8-3. Screen lock settings

With screen lock enabled, you can lock the screen automatically when you unplug the YubiKey from the PC's USB port.

  1. Check the"Lock screen when unplugging YubiKey" checkbox.
  2. Click the "Update" button.

8-4. Forced YubiKey logon settings

Set the PC to enforce logon using YubiKey when logging on.

  1. Check the "Force a logon using YubiKey" checkbox.
  2. Click the "Update" button.

8-5. Authentication failure lock settings

Set up your PC to enforce logon using YubiKey when logging on.

  1. If the Authentication failure lock setting is enabled, it is possible to prohibit a terminal from logging on after a certain number of failed logon attempts.
  2. Click the "Update" button.

8-6. Unlock settings after an authentication failure lock

  1. Check the "After authentication failure lock, unlock at a certain time"
  2. Enter the time (in minutes) after which the PC can be unlocked.
  3. Click the "Update" button.

8-7. Automatic email notification settings

When there is a change in the status of the PC or service settings, it will automatically notify the members registered in the notification settings. By default, the representative is set as the recipient of the notification.

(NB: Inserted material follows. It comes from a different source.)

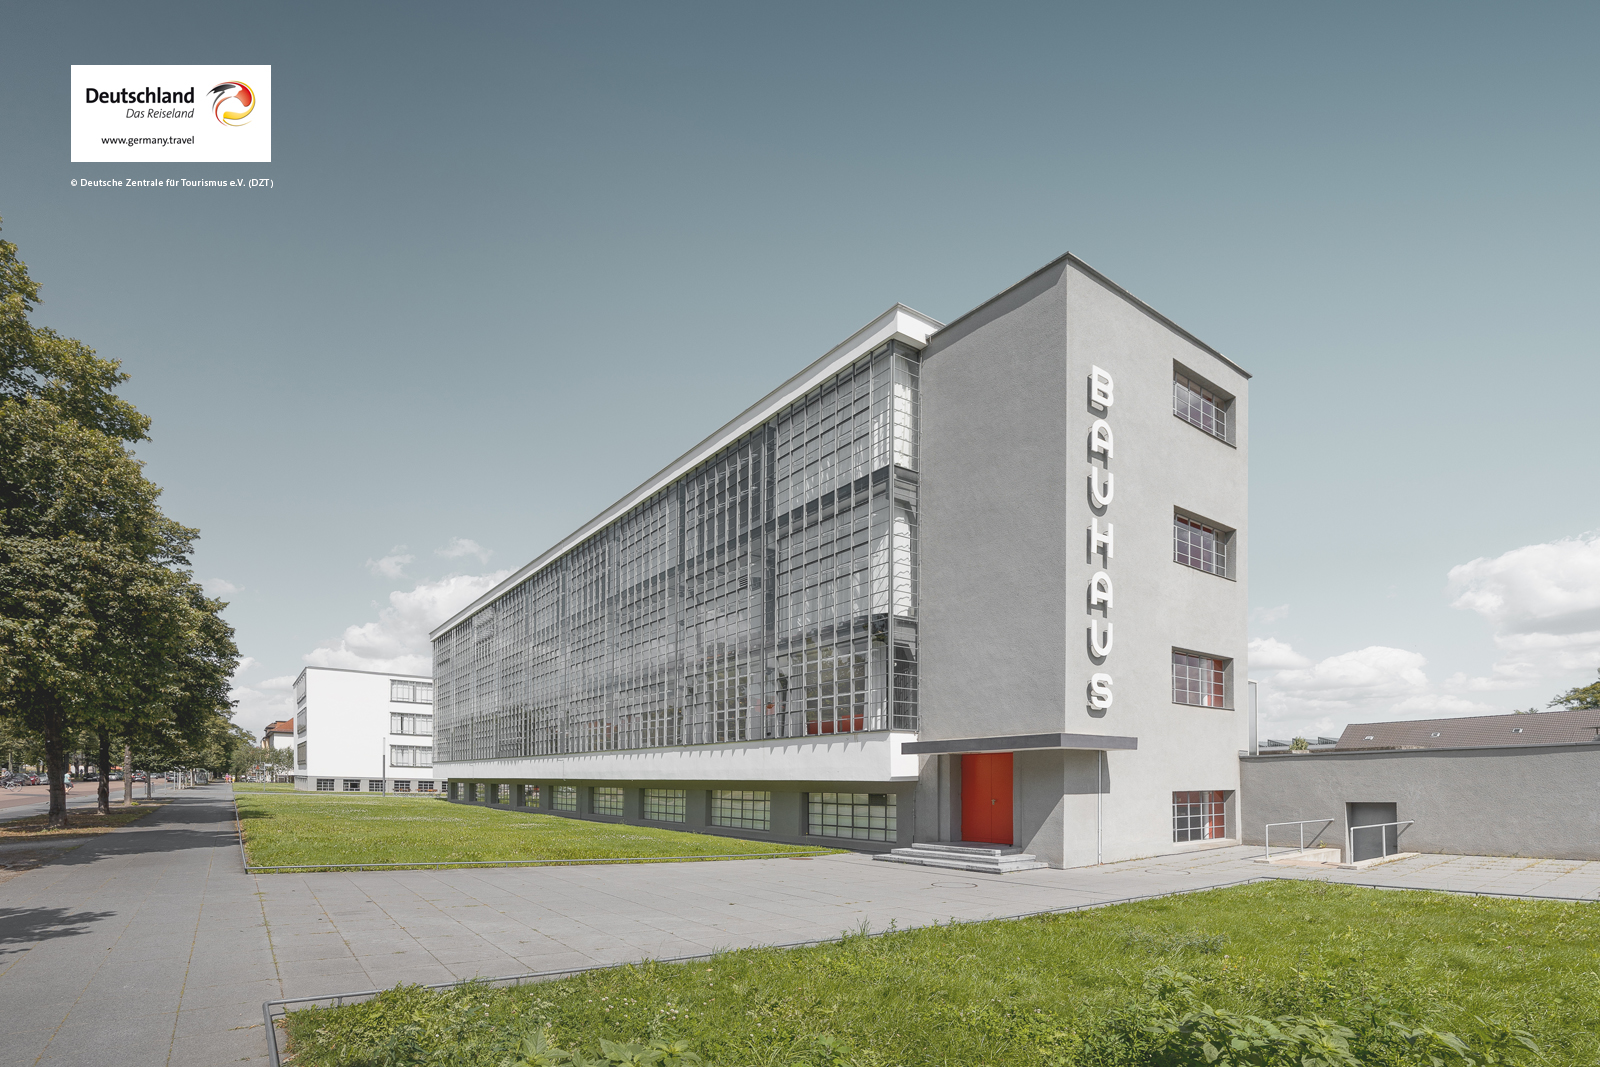 Dessau-Roßlau_Bauhaus_Dessau_von_Walter_Gropius_1925_26
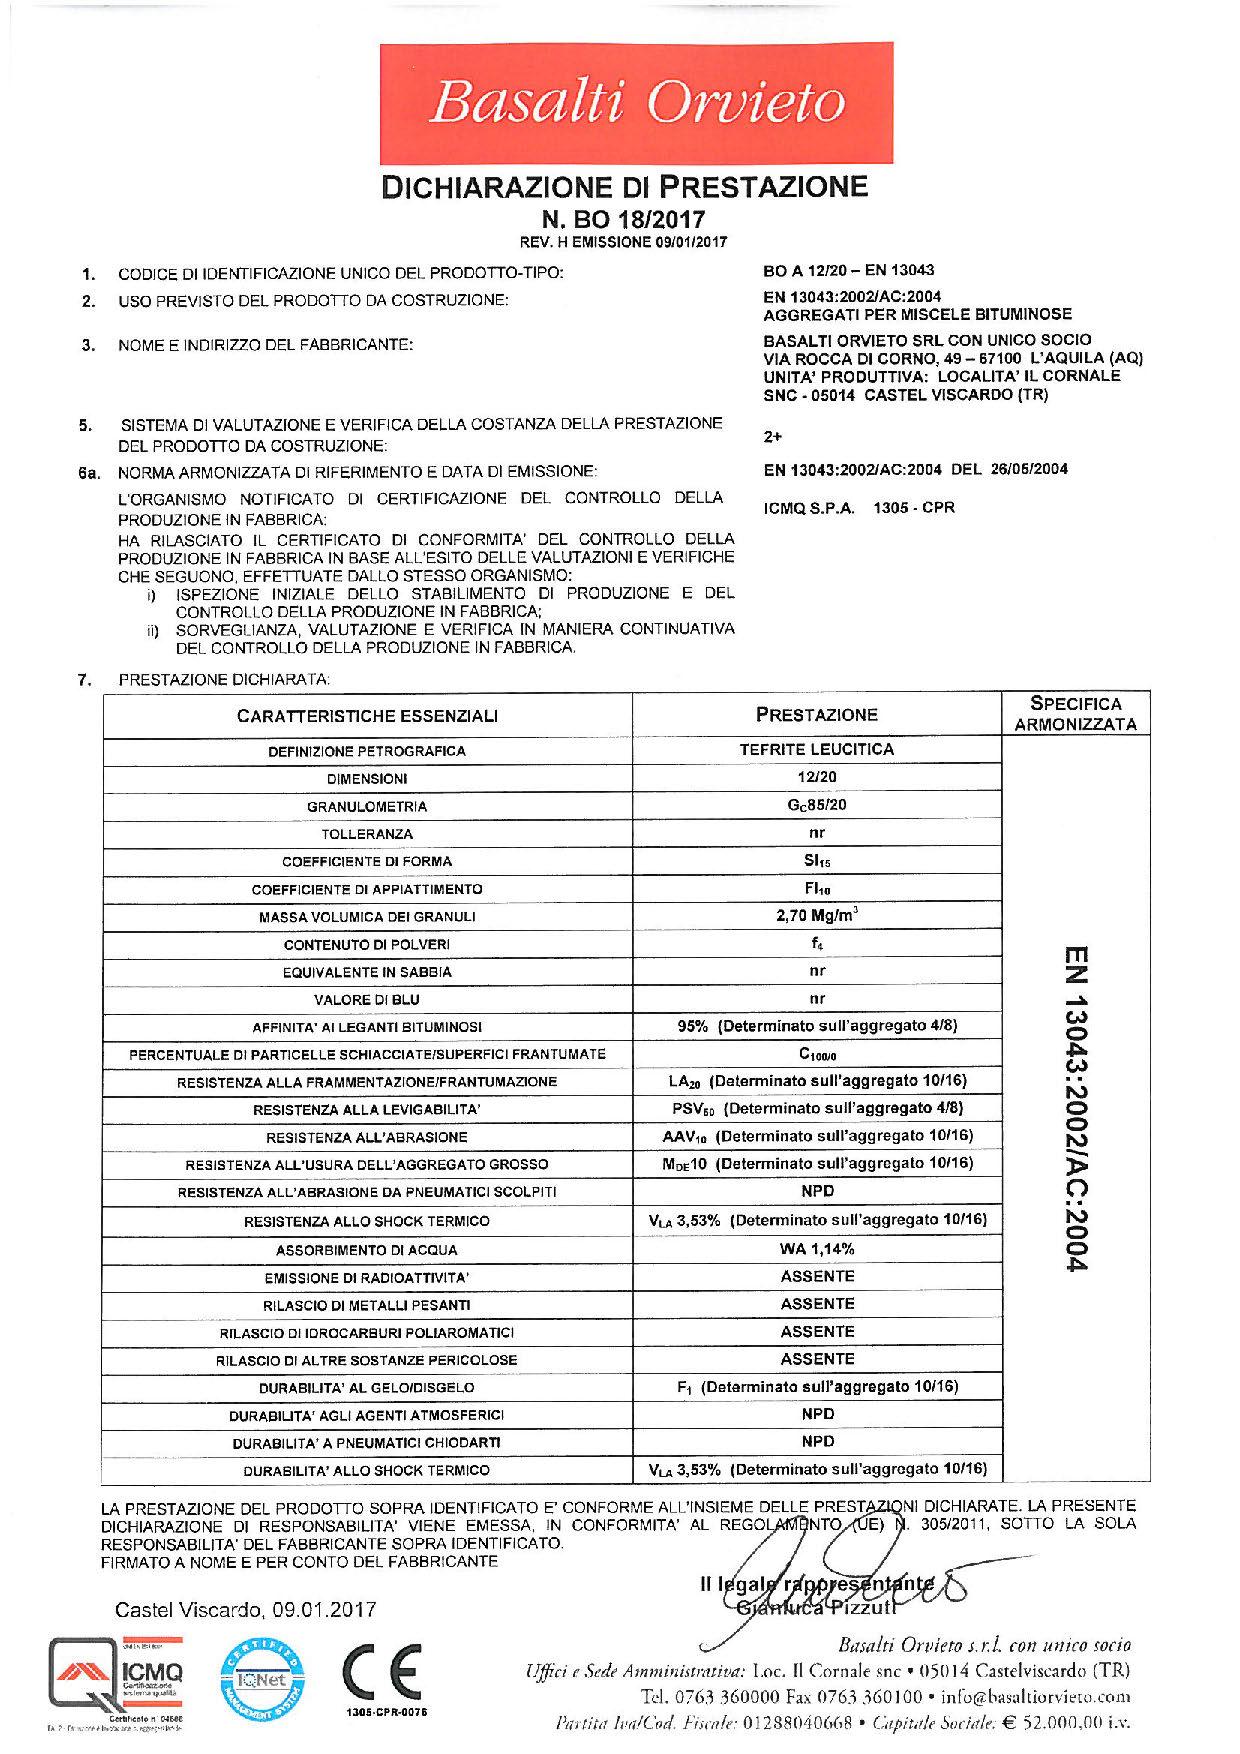 Asfalto_DoP 12-20 - EN 13043

  1. Click the settings icon in the top right corner of the service settings screen, and then click "Email notification settings".
  2. Toggle the notification settings to enable/disable.
  3. Check the items to receive notifications for.
  4. Click the "Update" button.

9. Operational confirmation

Check whether the user's PC successfully reflects the settings of the group policy.

From the menu on the left side of the screen, click the "PC" icon and then click "Service setting".

9-1. Group policy reflection confirmation

There are three types of group policies: "Reflected", " Unreflected", and "Old policy is reflected".

The following is the procedure to confirm the group policy.

  1. Click on the group policy you wish to review.
  2. Click on the "PC list" tab.
  3. Click on the pull-down under "Status."
    Next, click on "Unreflected.
  4. A list of PCs to which the group policy has not yet been applied is displayed. The "Unreflected" status is indicated by an "X" mark.

The installation procedure is described above.

10. Additional Information


10-1. Two-factor authentication method for YubiOn Portal site

During login to the YubiOn Portal using two-factor authentication, the member's email address, password, and YubiKey are required.

  1. Access the login page.
    Enter your email address in the email address field and click the Confirm button.
  2. Enter the password in the password field.
  3. Plug the YubiKey into the USB port.
  4. Click the YubiKey input field and tap the YubiKey. *The YubiKey's one-time password will be entered automatically and the user will be logged in.
  5. After logging in, the "Dashboard" will be displayed.